It's not uncommon that a few months after a new project is released, the database performance degrades. Several things could be responsible for this degradation, but the one I’ve seen more often is data and structure related. In these cases, I noticed that the database was not designed with any consideration for the volume of data it will have, so the structure of the database (columns, indexes) and the queries became a problem. Of course, adding more and more data to the database, increasing the quantity of users accessing it and having poor performing queries can increase the possibility of a deadlock’s occurrence.
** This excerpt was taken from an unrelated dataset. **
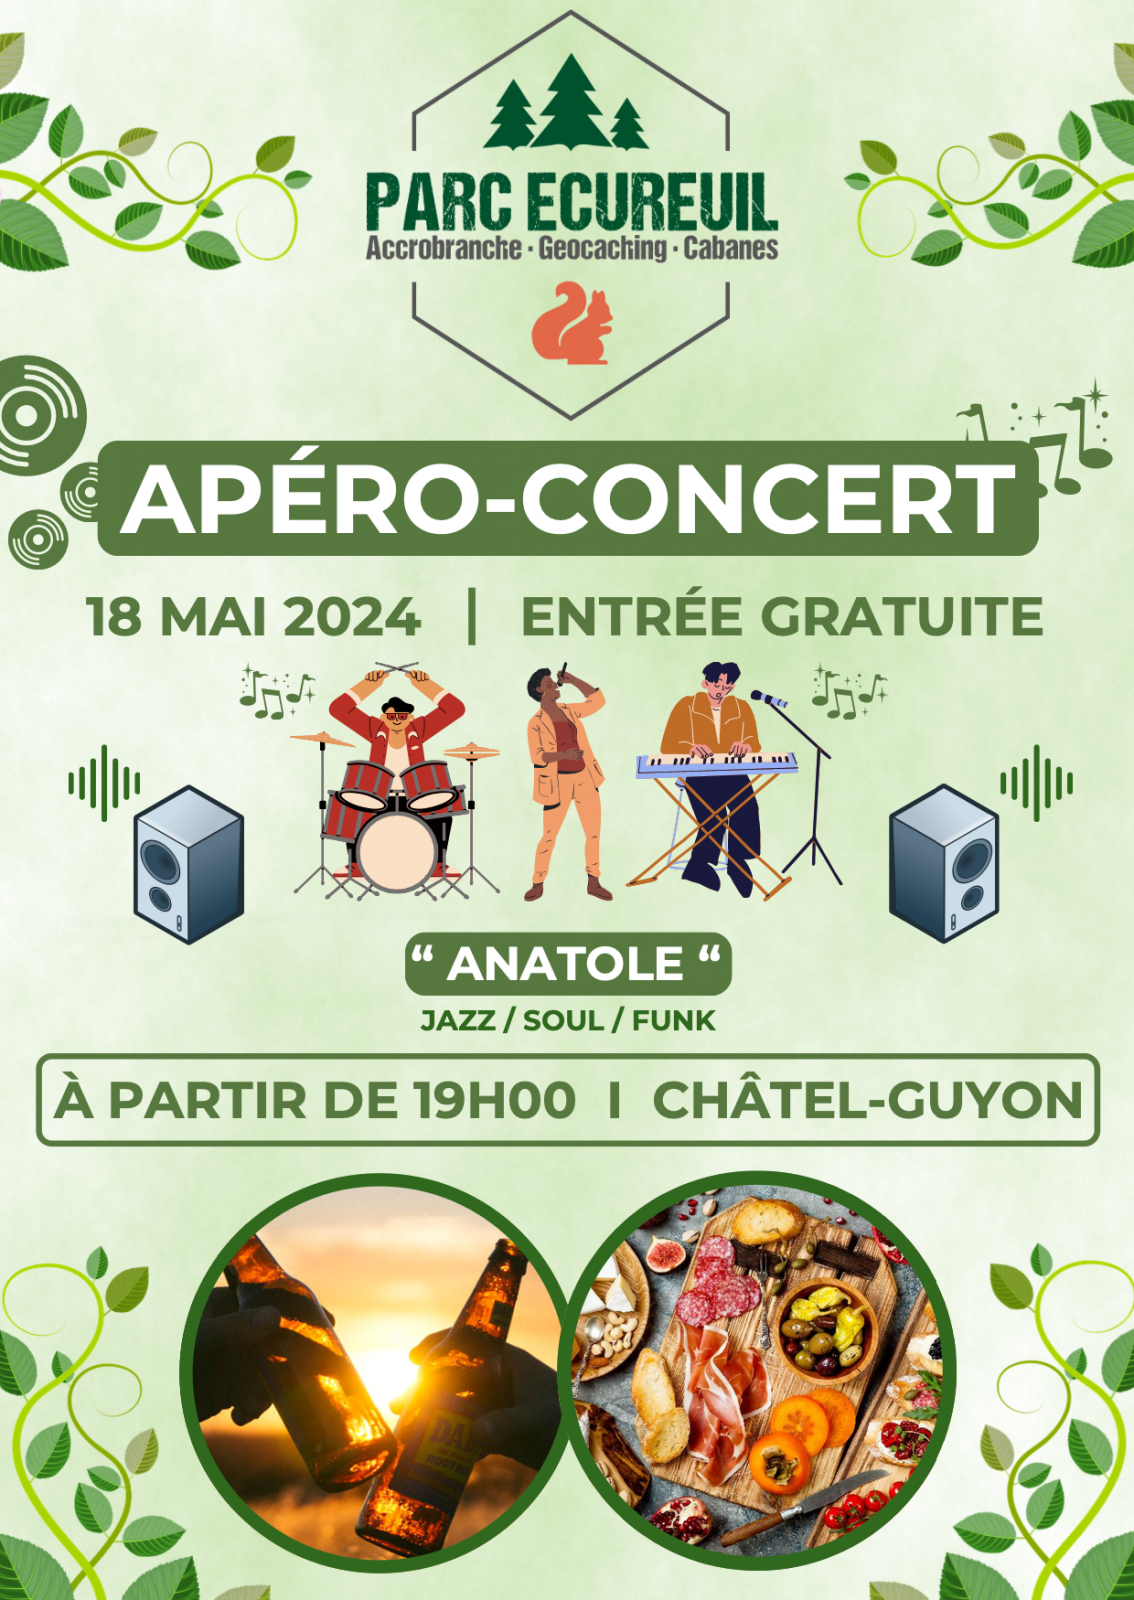 Apéro – Concert au Parc Écureuil

For those not familiar with deadlocks, here is a brief explanation of what it is. A deadlock occurs when, for instance, two processes are blocking each other. For instance, User1 begins a transaction and updates TableA. At the same time, User2 begins a transaction and updates TableB. Next, User1 performs a Select on TableB and User2 performs a Select on TableA. In this simple example, User1 gets blocked by User2 because the update on TableB was not yet committed. Also, User2 gets blocked by User1 because TableA update was not committed. When things like this happen, a deadlock occurs, so SQL needs to choose which process to rollback, letting the other one to complete.
There are several ways to solve deadlocking, but that's not the topic I'll cover here. I'll show a simple way to get the needed information to address the problems.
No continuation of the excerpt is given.